■ TASK DETAILS
Reproduce, word for word, the lines in the material below starting with the one that has "học thiết kế trình chiếu powerpoint online" and going on through the one that has "Indonesia98". Leave out all pictures.

■ SUPPLIED DATA
((
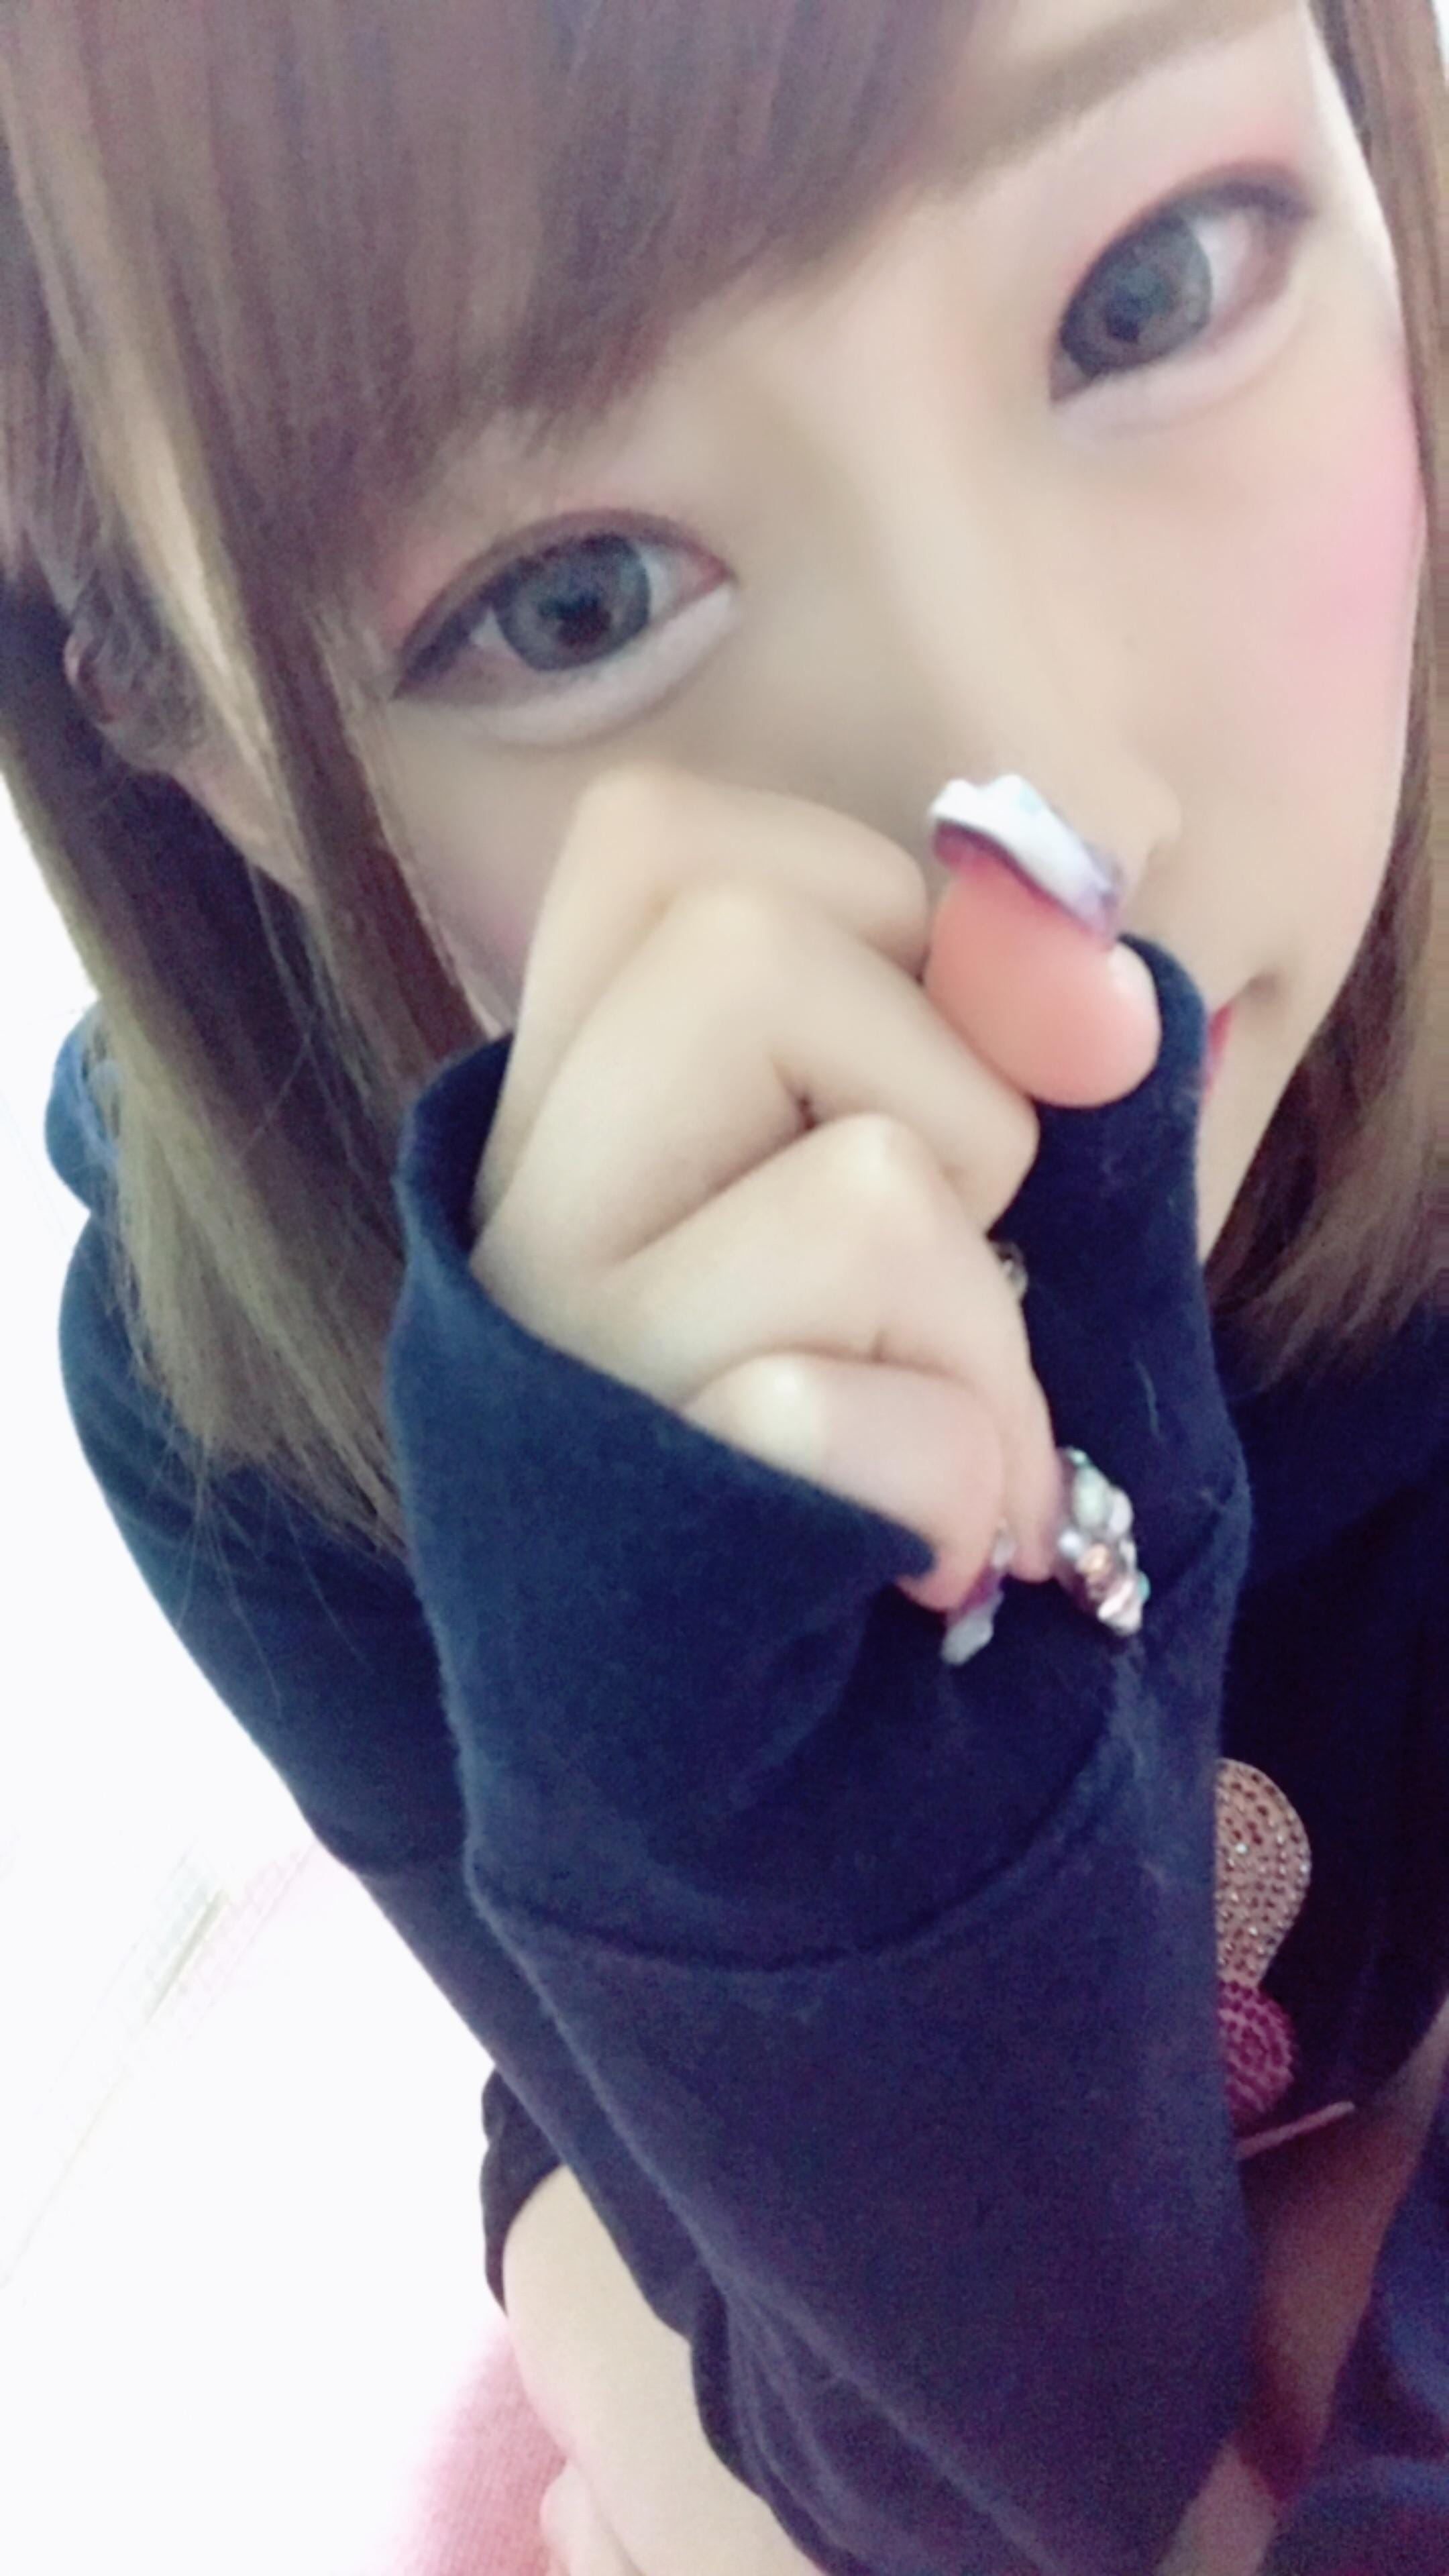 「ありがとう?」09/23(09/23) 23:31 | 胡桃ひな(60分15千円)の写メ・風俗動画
))
((
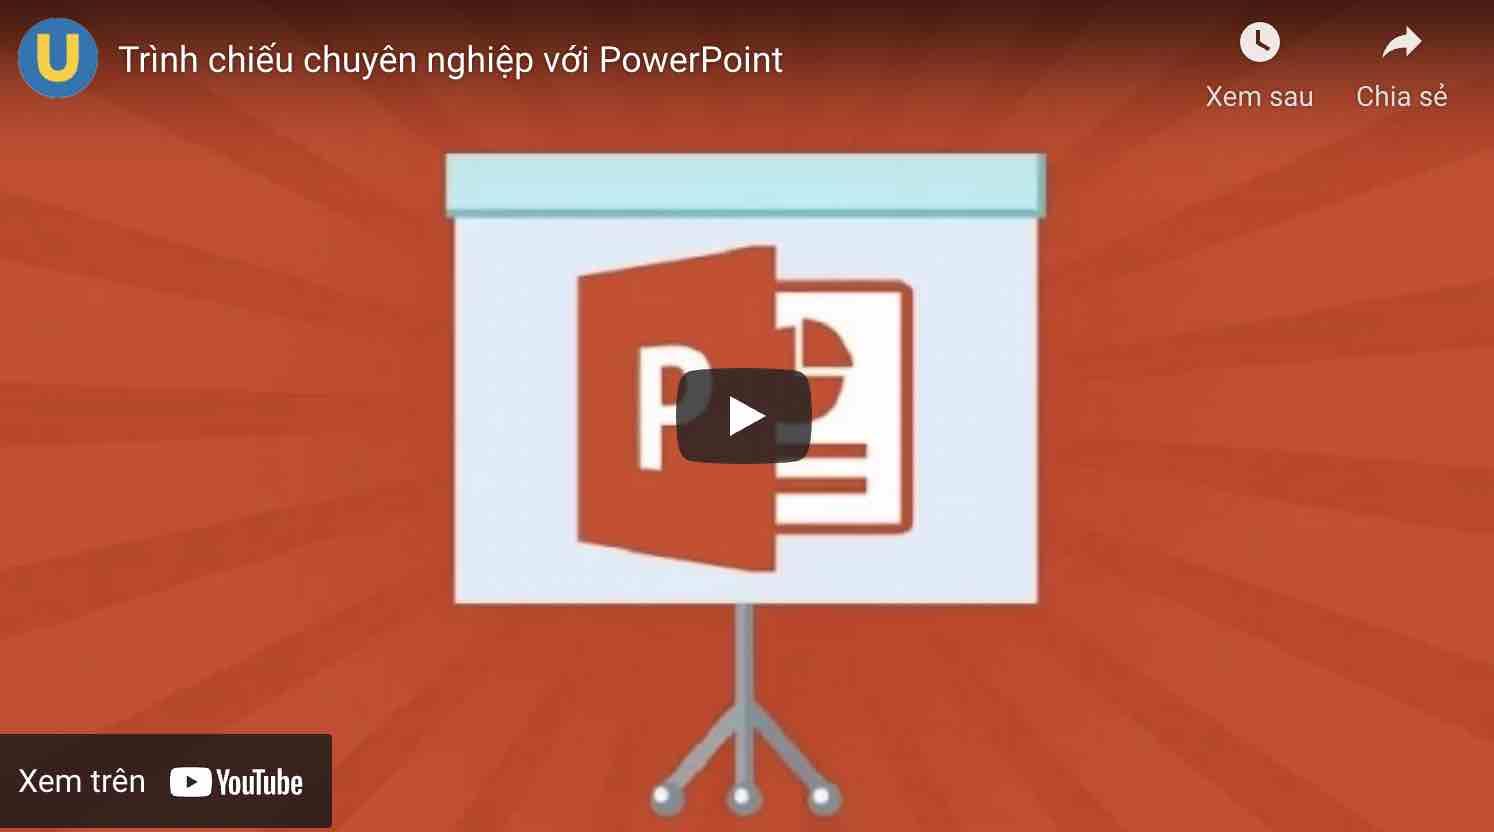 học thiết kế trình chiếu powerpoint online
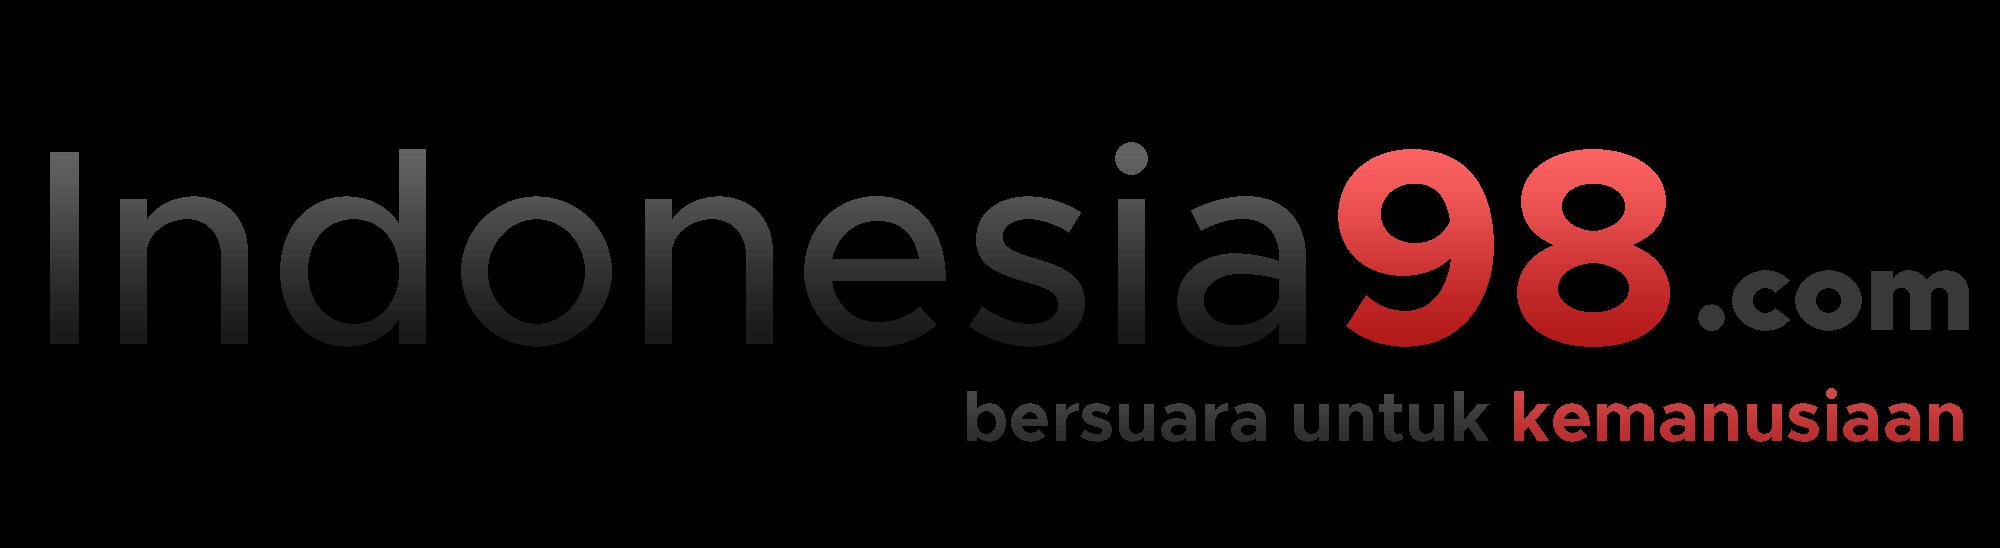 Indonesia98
))
■ TASK RESULT
 học thiết kế trình chiếu powerpoint online
 Indonesia98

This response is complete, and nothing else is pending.